CEO of the Runnymede Trust, Dr Halima Begum said: “From stop and search to inequalities in maternal health; lower levels of home ownership to constraints on pay and professional opportunities, this report provides further evidence that taking a colour-blind approach to equality will not be the most effective way to achieve social mobility.”

The report, published in the wake of the online racial abuse faced by England’s black footballers following their defeat to Italy is in stark contrast to the findings of the Commission on Race and Ethnic Disparity’s (Cred) UK race report, published by Tony Sewell.

When the UK race report was published the Runnymede Trust dismissed it as “a script that has been written for 10 Downing Street.” Ms Begum criticised the Prime Minister as an “entitled Bullingdon Club brat.” More than a dozen Tory MPs later wrote to the Charity Commission demanding an investigation into the Trust, claiming its criticisms of the Sewell report were made in “bad faith”.

Condemnation of April’s report also came from the director of Operation Black Vote, Lord Simon Woolley who said: “This new report is in direct contradiction of the ‘divisive and dishonest’ Sewell report that recently suggested there is no systemic racism in the UK.”

The Black Lives Matter protests in 2020 highlighted the urgent need to address glaring racial disparities in Black, Asian and minority ethnic groups in the enjoyment of economic, civil, and political rights. In England, these protests were set against the backdrop of the Windrush scandal of 2018 and came in the midst of the COVID-19 crisis. A crisis that disproportionately impacted Black, Asian and minority ethnic groups. It is estimated that had the white population experienced the same risk of death from Covid-19 as Black, Asian and minority ethnic groups, there would have been 58,000 additional deaths between March-May 2020.

It wasn’t just poorer health outcomes that COVID-19 brought to Black, Asian and minority ethnic societies.

During the pandemic east and southeast Asian (ESEA) communities faced soaring racially aggravated violence and discrimination, mainly due to the virus being inextricably linked with China.

Labour MP Sarah Owen, who is Malaysian Chinese told the Commons in October last year: “An undercurrent of anti-Asian racism has plagued this country well before this pandemic started, but now the lid has been lifted and the far right have wrongly been given legitimacy to air their derision, violence and hatred.”

The Runnymede Trust say the report finds the government in breach of numerous articles of ICERD and that the government has failed to uphold and protect Black, Asian and minority ethnic   communities’ enjoyment of economic, civil, social and political rights.

In defending the government, a spokesperson said that since its last ICERD report in 2015 the government had “made significant progress”. The spokesperson added: “The Runnymede Trust’s report contains many errors and is too simplistic in saying that structural or systematic racism is driving all the disparities outlined in their report”.
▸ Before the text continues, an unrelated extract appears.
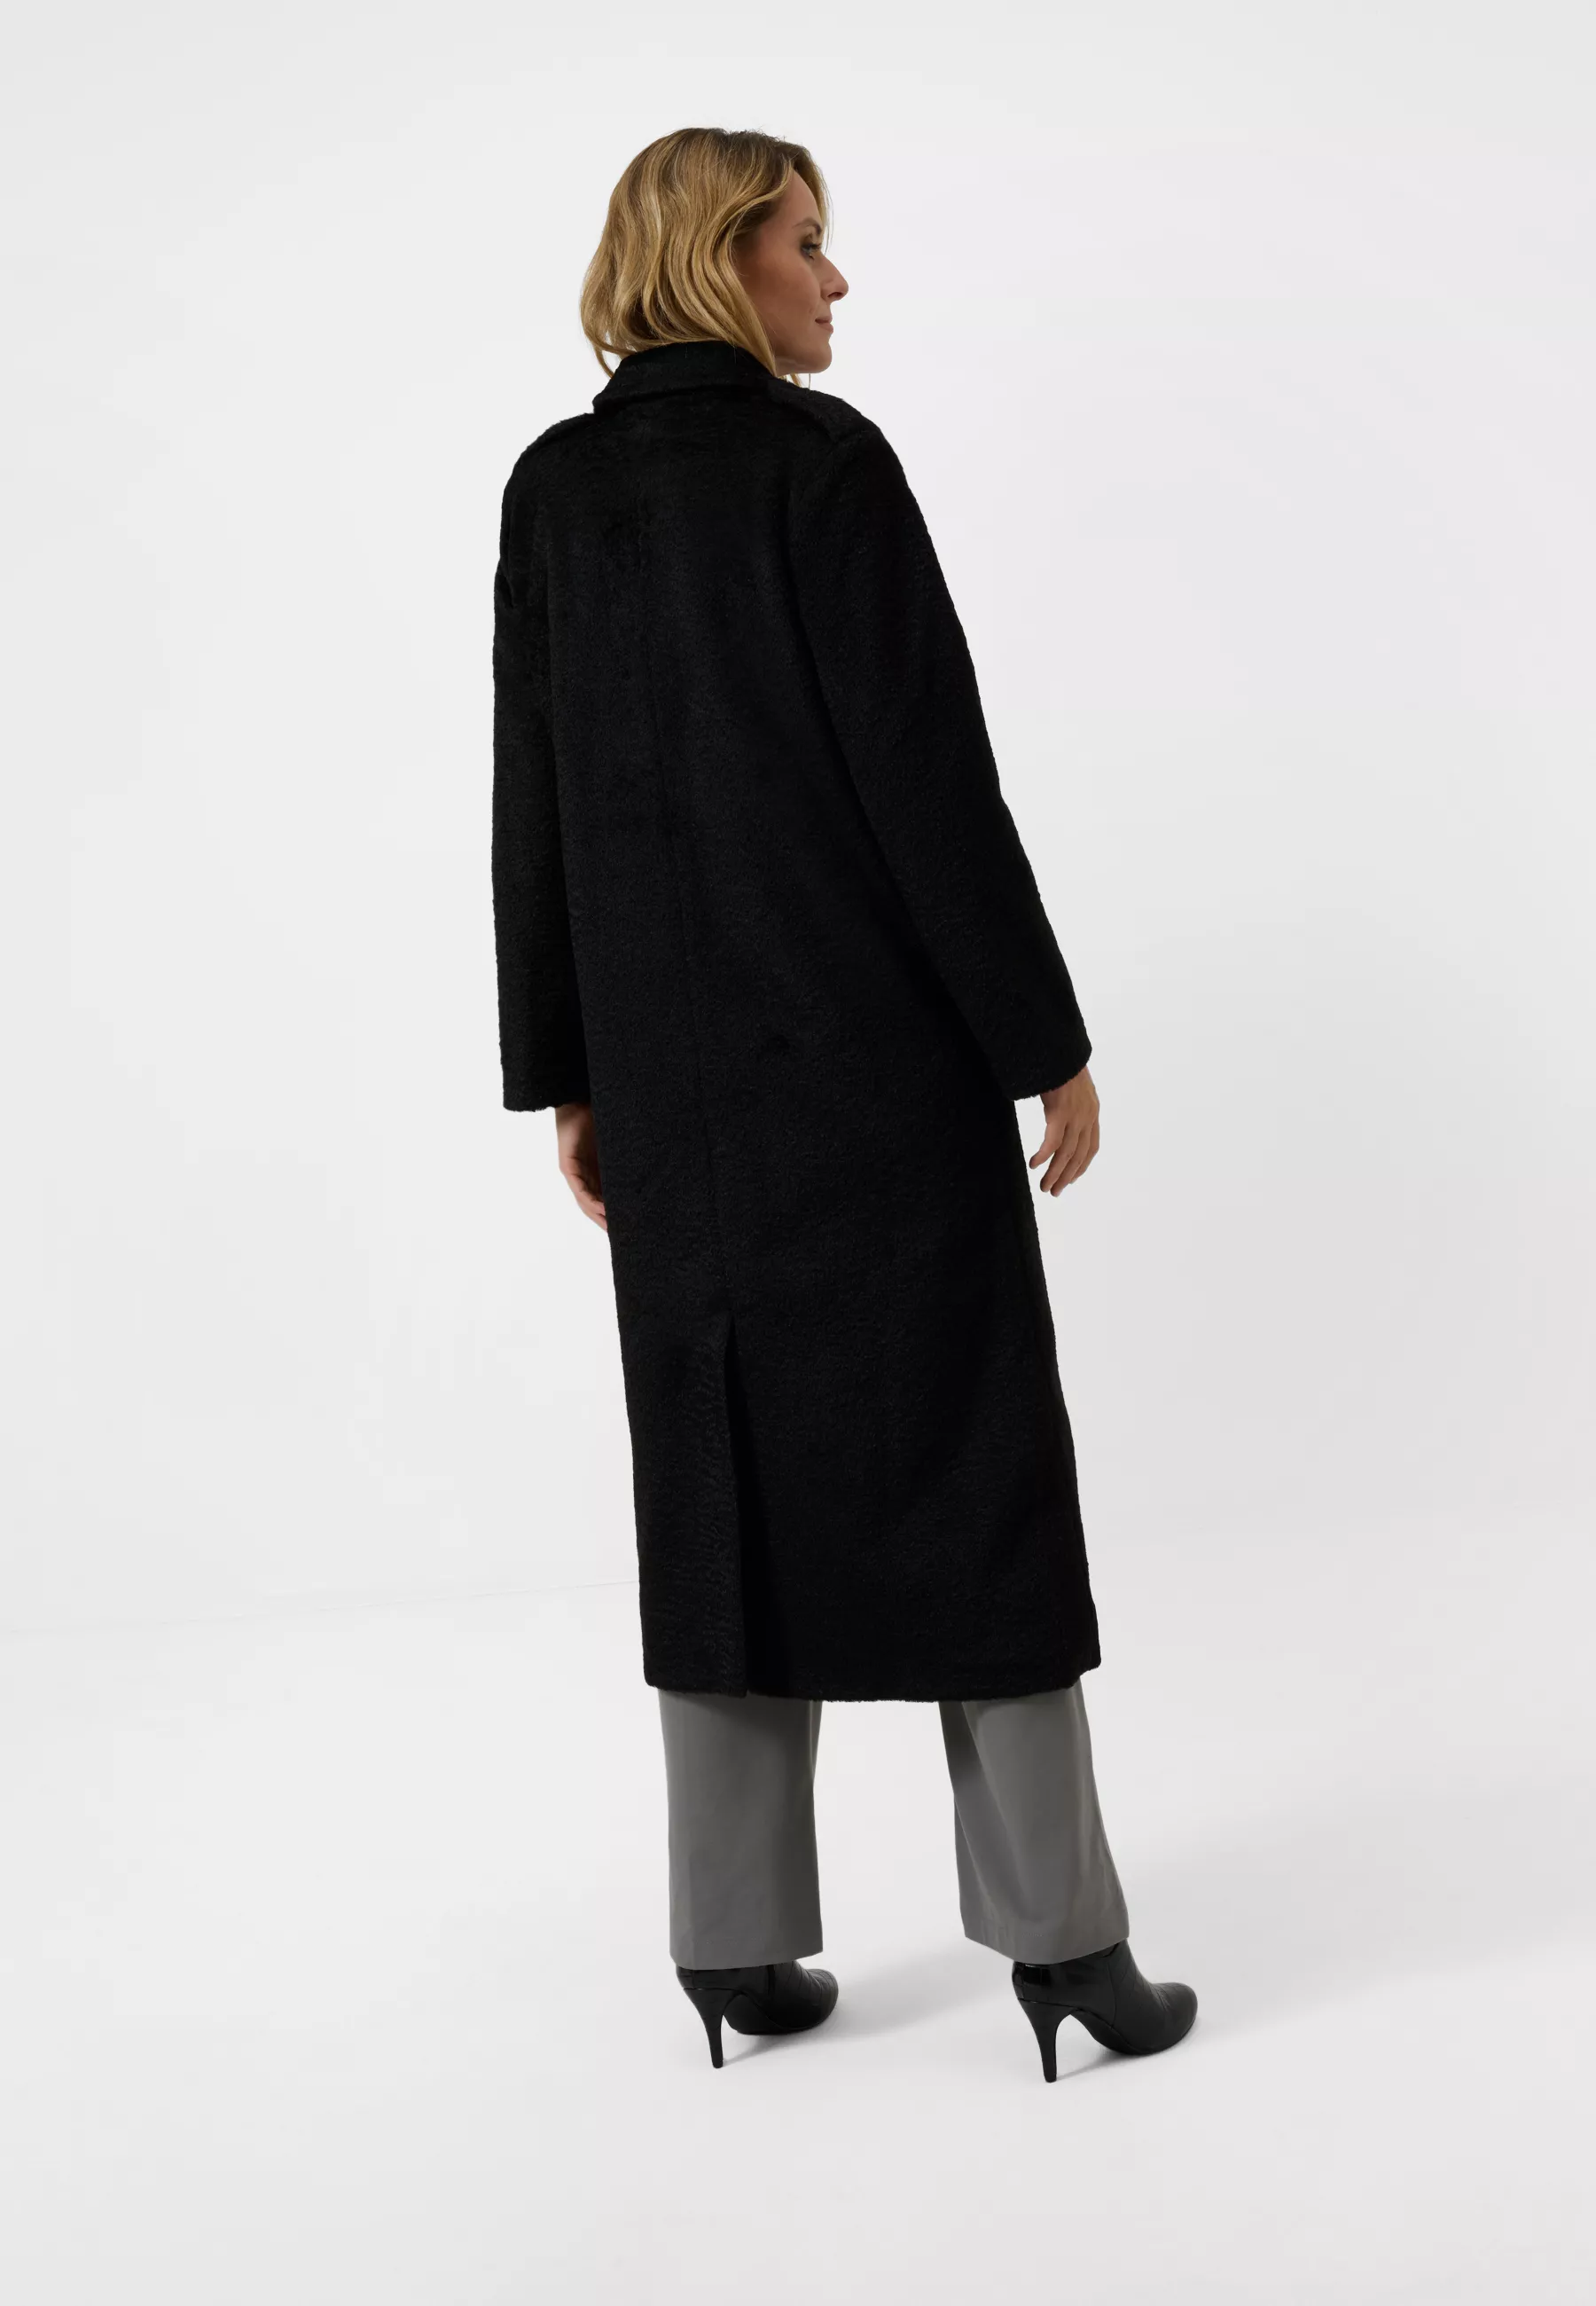 Damen Textil Mantel Pina in Schwarz von Ricano, Rückansicht am Model
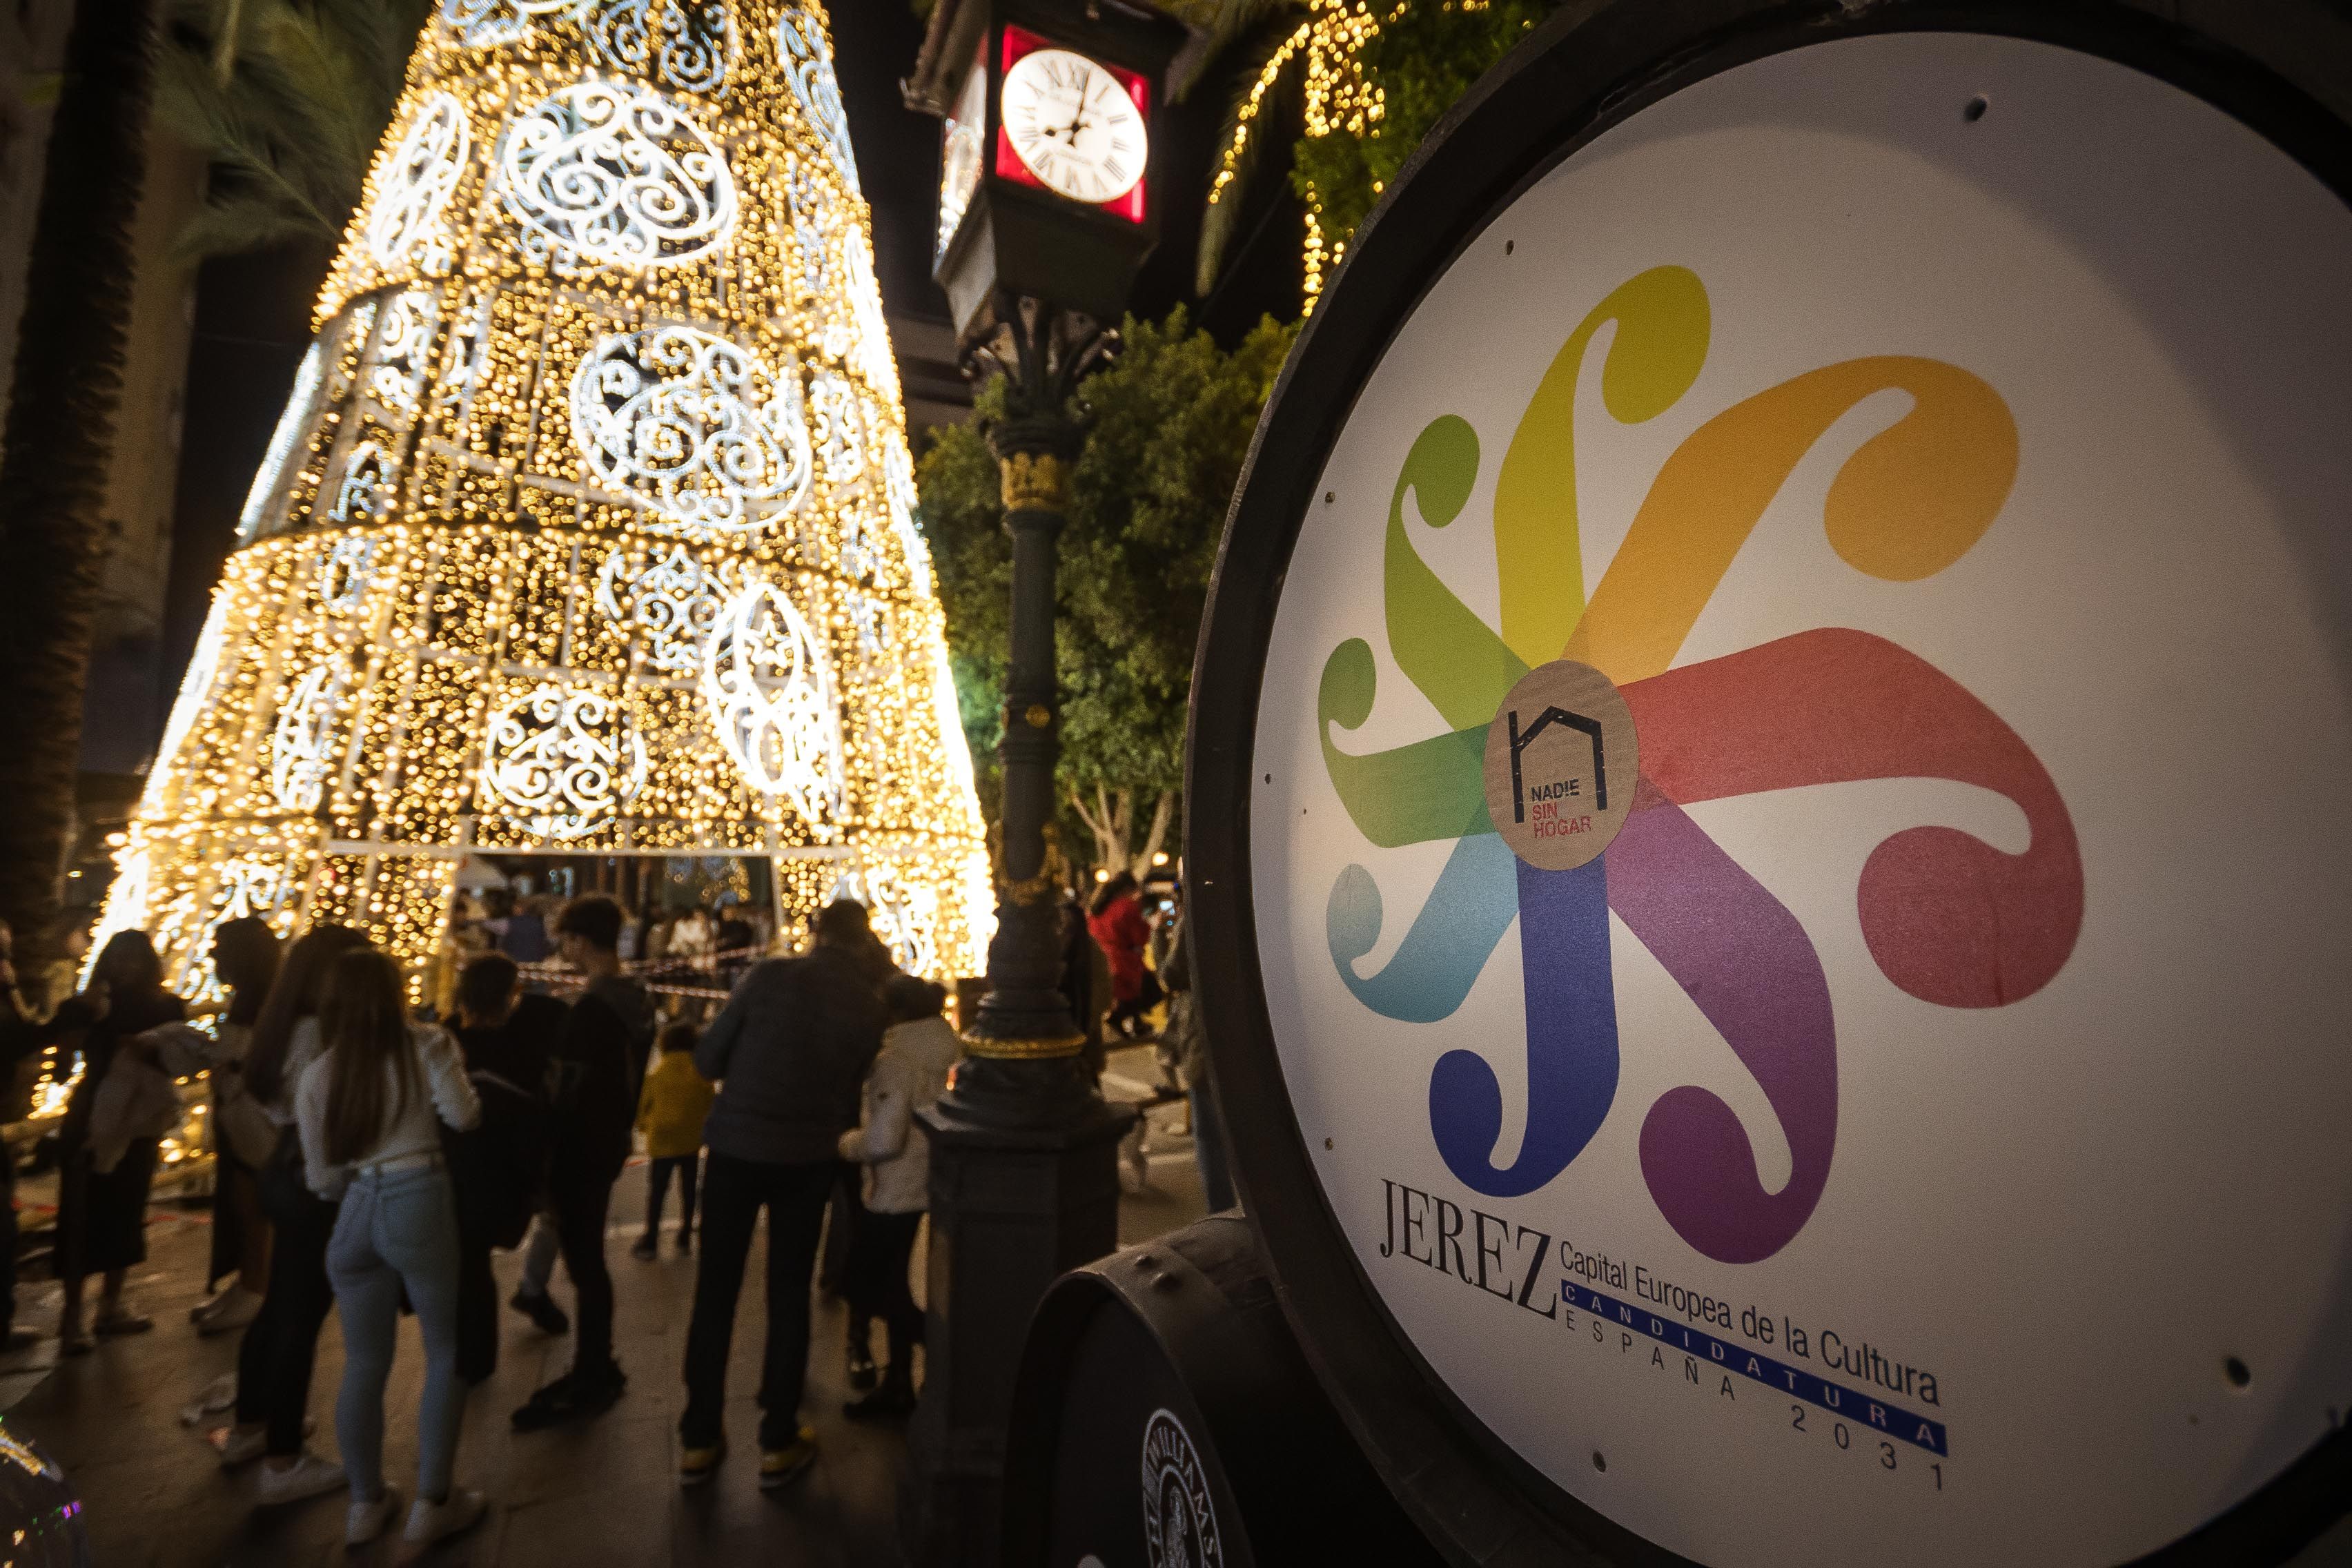 'Tartesia', los cimientos contra reloj que quieren convertir a Jerez en Capital de la Cultura 2031. En la imagen, una bota de vino con el logo de la Capitalidad, junto al mítico reloj de Losada y el árbol de Navidad del Arenal, recién inaugurado.

Despite reassurances from Whitehall the report authors suggest that the government need to urgently develop and implement a strategy to eliminate racial discrimination and advance race equality across all policy areas.

Additionally, in light of the low ‘success’ rate of stop and search, weighed against the negative impact on community trust in the police, the report implores the government to repeal the act that allows stop and search to take place.

With the upcoming government legislation, including the Electoral Integrity Bill, the Police, Crime, Sentencing and Courts Bill and the New Immigration Plan time, will tell if the report authors are correct when they say these could pose a “significant threat to ethnic minorities’ rights” are correct.